I am trying to get information on A2Z Field services, I am considering working for them, but I am finding mixed reviews. can someone help?


----------



## BPWY

Cheap, but I never got shorted on money.


Their HUD work is so cheap I couldn't break even. Maybe if you are in a very urban area
where your jobs are nearly on top of each other you'll make PB&J money, other wise..... the dollar menu at 
McDonalds aint looking too good when you have to drive a min of 20 miles between jobs. 
Most a lot more than that if you work in a rural area.


----------



## Guest

BPWY said:


> Cheap, but I never got shorted on money.
> 
> 
> Their HUD work is so cheap I couldn't break even. Maybe if you are in a very urban area
> where your jobs are nearly on top of each other you'll make PB&J money, other wise..... the dollar menu at
> McDonalds aint looking too good when you have to drive a min of 20 miles between jobs.
> Most a lot more than that if you work in a rural area.

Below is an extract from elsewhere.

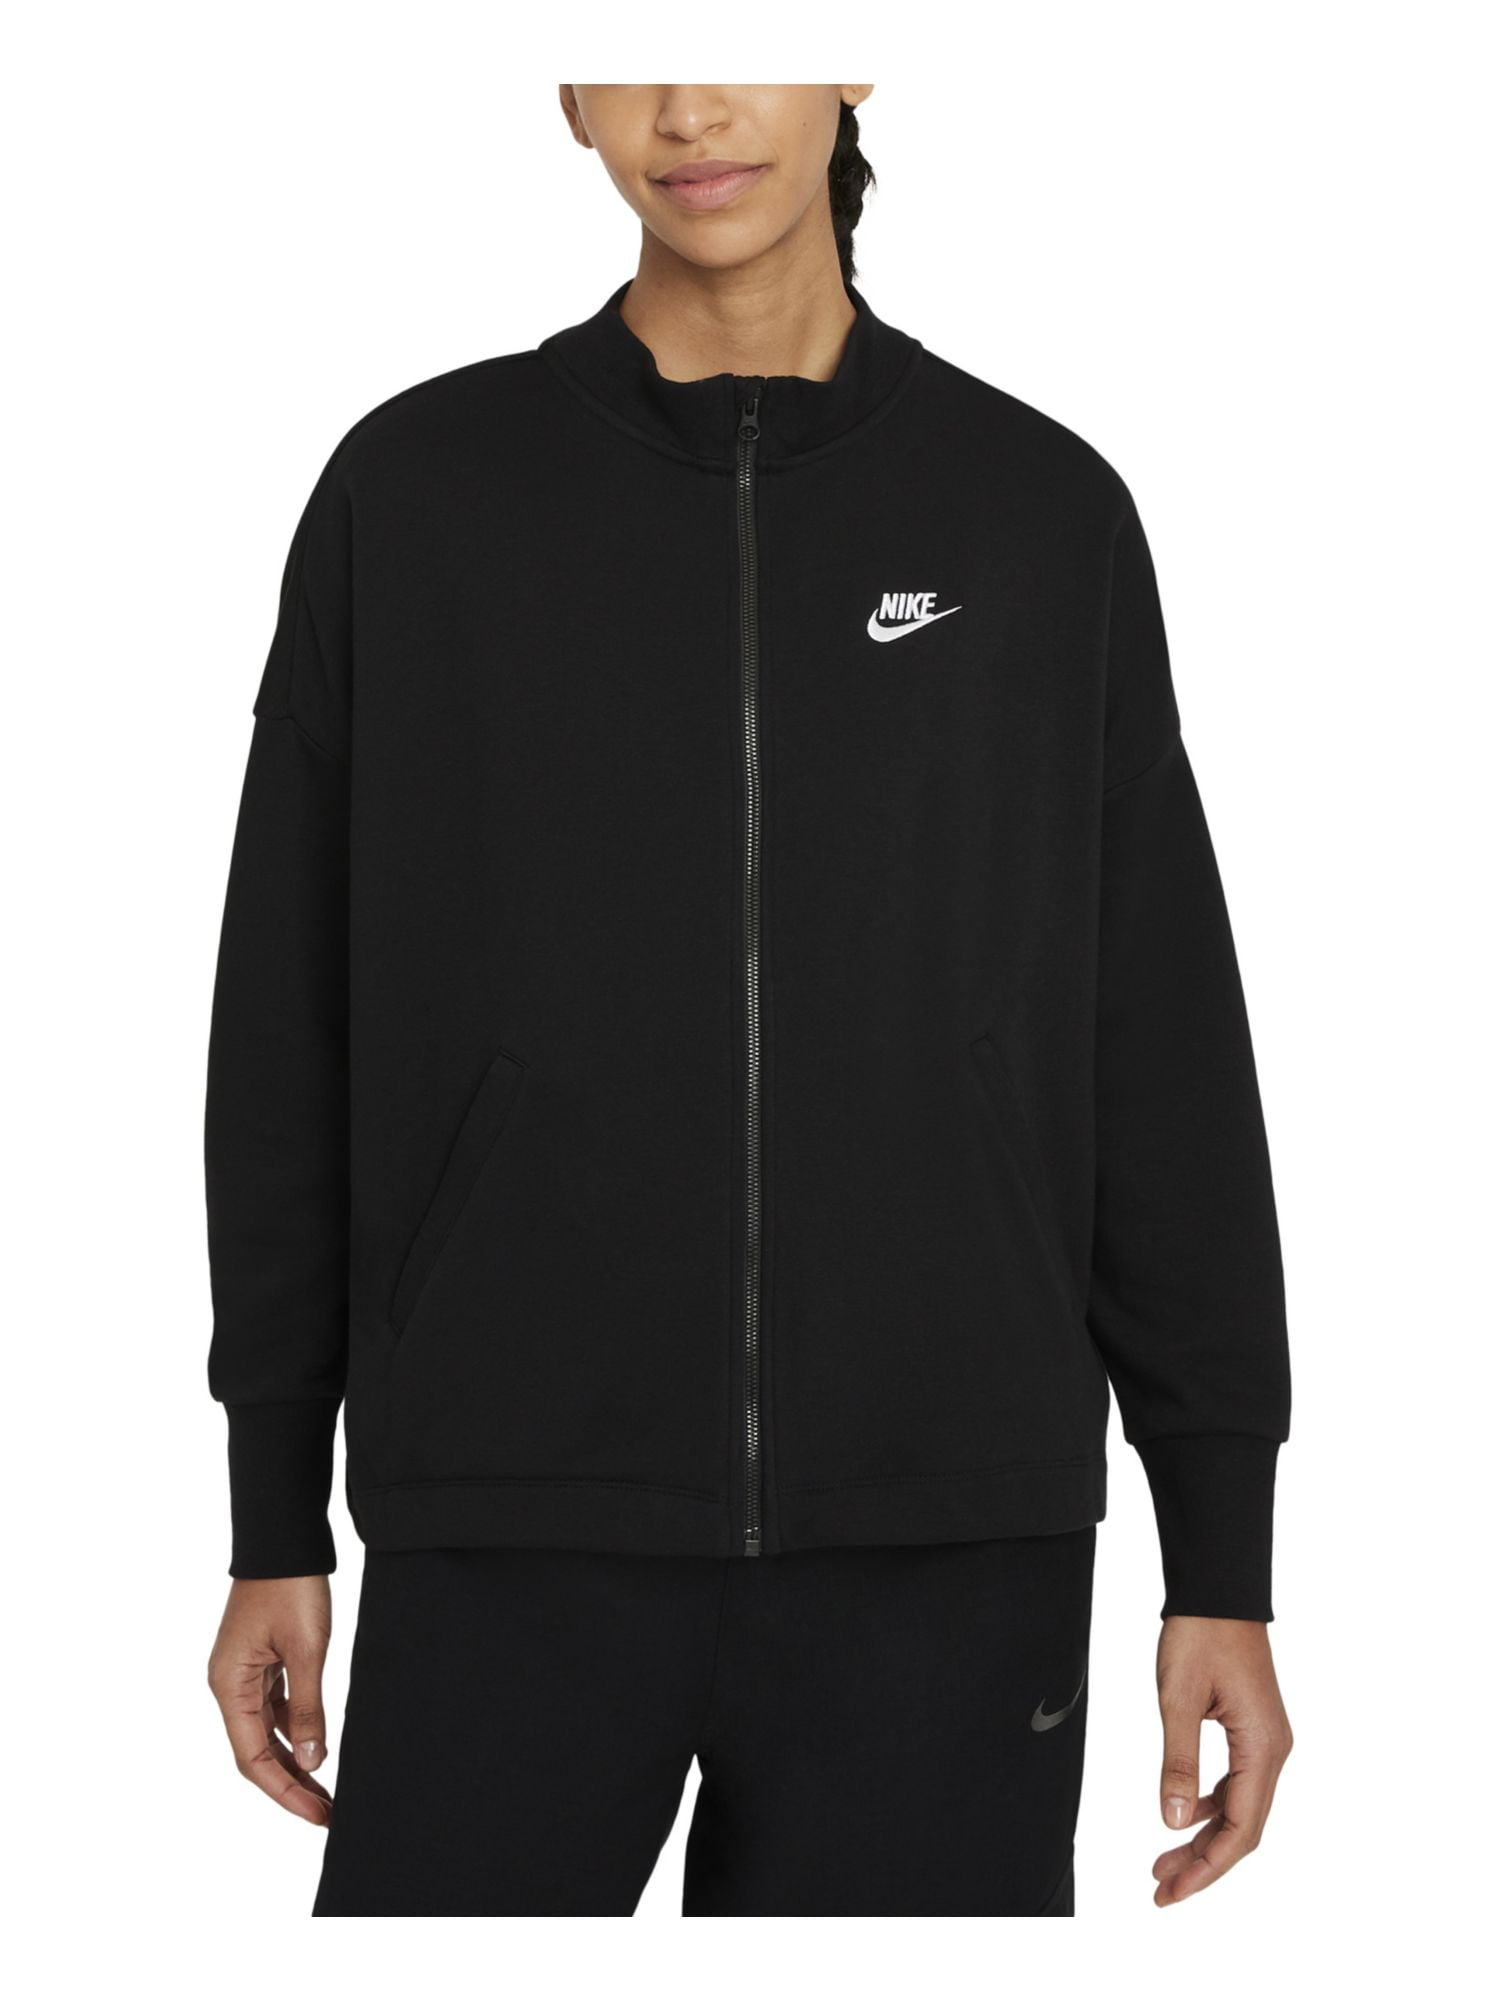 Women's Nike Grey Heather/White Sportswear Essential Jogger (BV4095 063) -  XS

Same here I did some trash out(wanted everything under the sun done for a fate rate) for them and BWM . But after the BWM(bi weekly main.) went for $105 to $85 I stopped. I still do QC inspection for them only if I`m going to be in the area already they went from pay $24 to $15 on them. I`m not going to go out of my way to do them!


----------



## SwiftRes

They kept sending me $15 qc inspections. Most were thirty miles away. When I would ask for trip charges they would get upset and say no because it was in my coverage area. They said that my coverage area should include only the farthest I would go for their lowest priced work order. ($15qc inspection).


----------



## BPWY

My county is over 5000 sq miles.

One zip code covers at least 1/3 of that. 

I can drive for over an hour and still not have left my county. 
I'd like for them to explain again why I should work for a measly $15.
For the area I live in inspections are not worth it until they'd reach around $50 per. 
Aint happening, so I let some other sucker do them.


----------



## Guest

thanks for the info, does anyone know how often they pay. If I commit to the work I dont want to wait 3 months for payment.


----------



## Guest

Chef said:


> I am trying to get information on A2Z Field services, I am considering working for them, but I am finding mixed reviews. can someone help?


not worth the effort.


----------



## BPWY

Chef said:


> thanks for the info, does anyone know how often they pay. If I commit to the work I dont want to wait 3 months for payment.





45 days if I remember right.


----------



## Guest

Thanks


----------



## Guest

We worked for them for about 6 months, made about 153,000 in that timeframe. We thought we had a great relationship but when we turned down work outof our area, they dropped us! I asked them if they would perform work at a loss,and then asked why they expected me to. Last we heard from them. A2Z seems tobe filled with younger people who have little or no life experience.


----------



## BPWY

Nice 6 month income, that'd be tough to loose.


----------



## GTX63

I have had to make decisions like that too. Just got tired of gritting my teeth and reminding myself how much money I was making while being lectured by people my kids' age.


----------



## Guest

I do some work for them. Just had to tell them what area I could and could not cover when I started with them. They have asked me about some properties out my area, but haven't strong armed me yet. Pay is not great but it is good filler work for us.


----------